Pirayre Aurélie, Couprie Camille, Bidard Frédérique, Duval Laurent, Pesquet Jean-Christophe
IFP Energies Nouvelles, 1-4 avenue de Bois-Préau, Rueil-Malmaison, 92852, France.
Université Paris-Est, Laboratoire d'Informatique Gaspard-Monge, 5 boulevard Descartes - Champs-sur-Marne, Marne-la-Vallée, 77454, France.
BMC Bioinformatics. 2015 Nov 4;16:368. doi: 10.1186/s12859-015-0754-2.
Inferring gene networks from high-throughput data constitutes an important step in the discovery of relevant regulatory relationships in organism cells. Despite the large number of available Gene Regulatory Network inference methods, the problem remains challenging: the underdetermination in the space of possible solutions requires additional constraints that incorporate a priori information on gene interactions.

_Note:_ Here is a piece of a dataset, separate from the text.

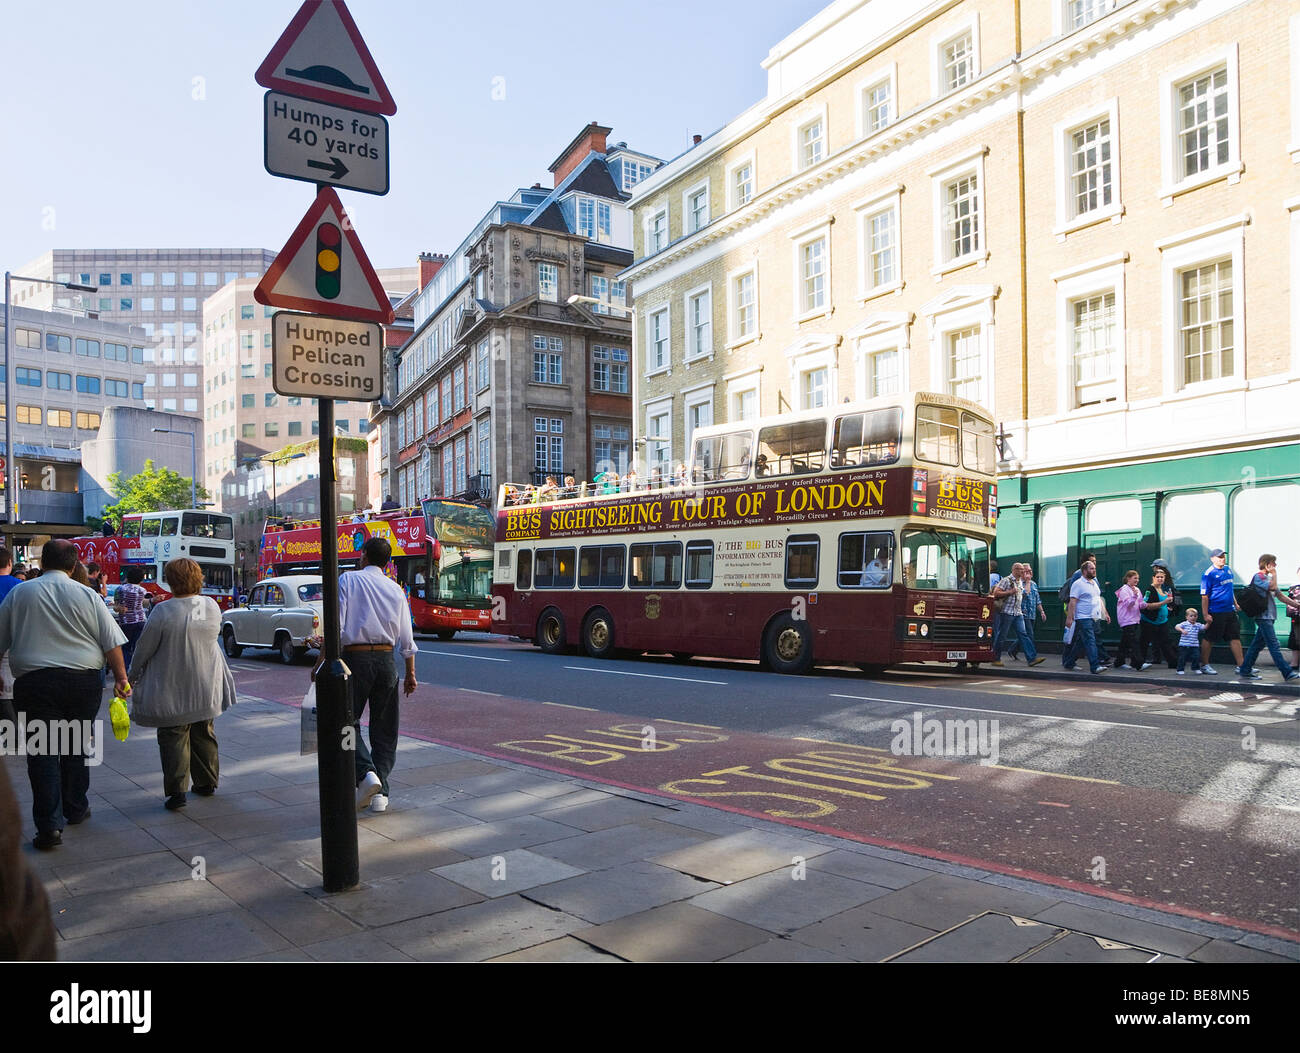 Ein Blick auf Verkehr, London Sightseeing Tourbusse und Touristen. Tooley Street, London. VEREINIGTES KÖNIGREICH. Stockfoto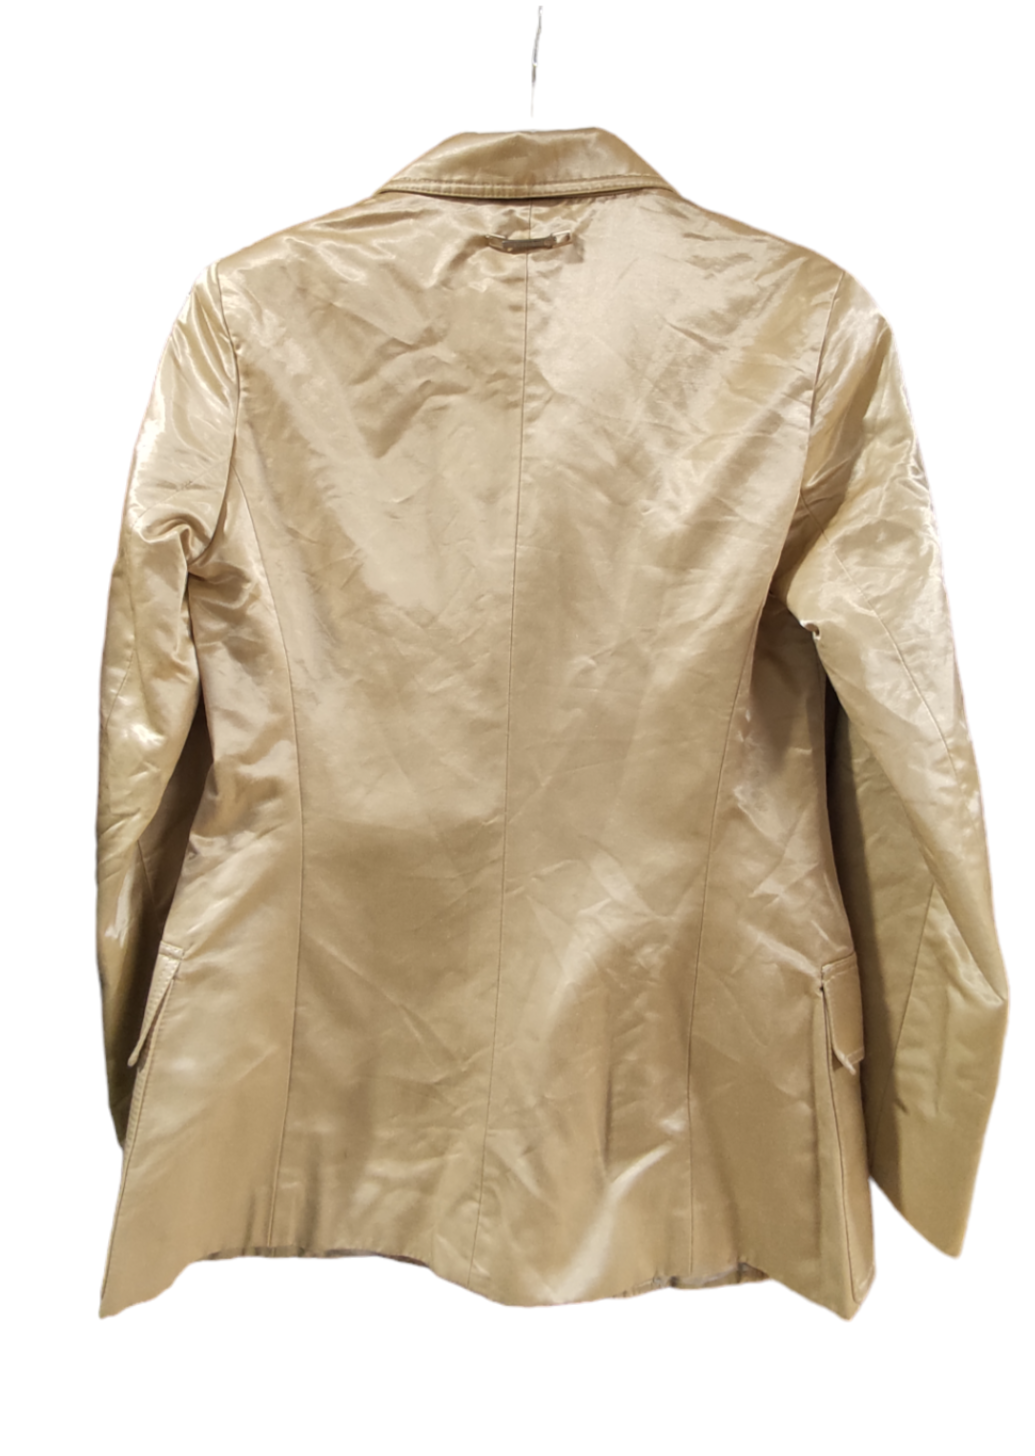 Premium Branded Σατινέ Γυναικείο Σακάκι στο Χρώμα του Χρυσού (Small)

Weighting all possible pairwise gene relationships by a probability of edge presence, we formulate the regulatory network inference as a discrete variational problem on graphs. We enforce biologically plausible coupling between groups and types of genes by minimizing an edge labeling functional coding for a priori structures. The optimization is carried out with Graph cuts, an approach popular in image processing and computer vision. We compare the inferred regulatory networks to results achieved by the mutual-information-based Context Likelihood of Relatedness (CLR) method and by the state-of-the-art GENIE3, winner of the DREAM4 multifactorial challenge.
Our BRANE Cut approach infers more accurately the five DREAM4 in silico networks (with improvements from 6% to 11%). On a real Escherichia coli compendium, an improvement of 11.8% compared to CLR and 3% compared to GENIE3 is obtained in terms of Area Under Precision-Recall curve. Up to 48 additional verified interactions are obtained over GENIE3 for a given precision. On this dataset involving 4345 genes, our method achieves a performance similar to that of GENIE3, while being more than seven times faster. The BRANE Cut code is available at: http://www-syscom.univ-mlv.fr/~pirayre/Codes-GRN-BRANE-cut.html.
BRANE Cut is a weighted graph thresholding method. Using biologically sound penalties and data-driven parameters, it improves three state-of-the art GRN inference methods. It is applicable as a generic network inference post-processing, due to its computational efficiency.
从高通量数据推断基因网络是发现生物细胞中相关调控关系的重要一步。尽管有大量可用的基因调控网络推断方法,但该问题仍然具有挑战性:可能解空间中的不确定性需要额外的约束条件,这些条件要纳入关于基因相互作用的先验信息。
通过边存在的概率对所有可能的成对基因关系进行加权,我们将调控网络推断表述为图上的离散变分问题。通过最小化编码先验结构的边标记泛函,我们强制基因的组和类型之间存在生物学上合理的耦合。使用图割进行优化,这是一种在图像处理和计算机视觉中流行的方法。我们将推断出的调控网络与基于互信息的相关性上下文似然(CLR)方法以及多因素挑战DREAM4的获胜者、最先进的GENIE3所得到的结果进行比较。
我们的BRANE Cut方法更准确地推断出了五个DREAM4虚拟网络(改进幅度从6%到11%)。在真实的大肠杆菌数据集中,在精确召回率曲线下面积方面,与CLR相比提高了11.8%,与GENIE3相比提高了3%。对于给定的精度,比GENIE3多获得了多达48个经过验证的相互作用。在这个包含4345个基因的数据集上,我们的方法实现了与GENIE3相似的性能,同时速度快了七倍多。BRANE Cut代码可在以下网址获取:http://www-syscom.univ-mlv.fr/~pirayre/Codes-GRN-BRANE-cut.html。
BRANE Cut是一种加权图阈值化方法。通过使用生物学上合理的惩罚和数据驱动的参数,它改进了三种最先进的基因调控网络推断方法。由于其计算效率,它可作为一种通用的网络推断后处理方法应用。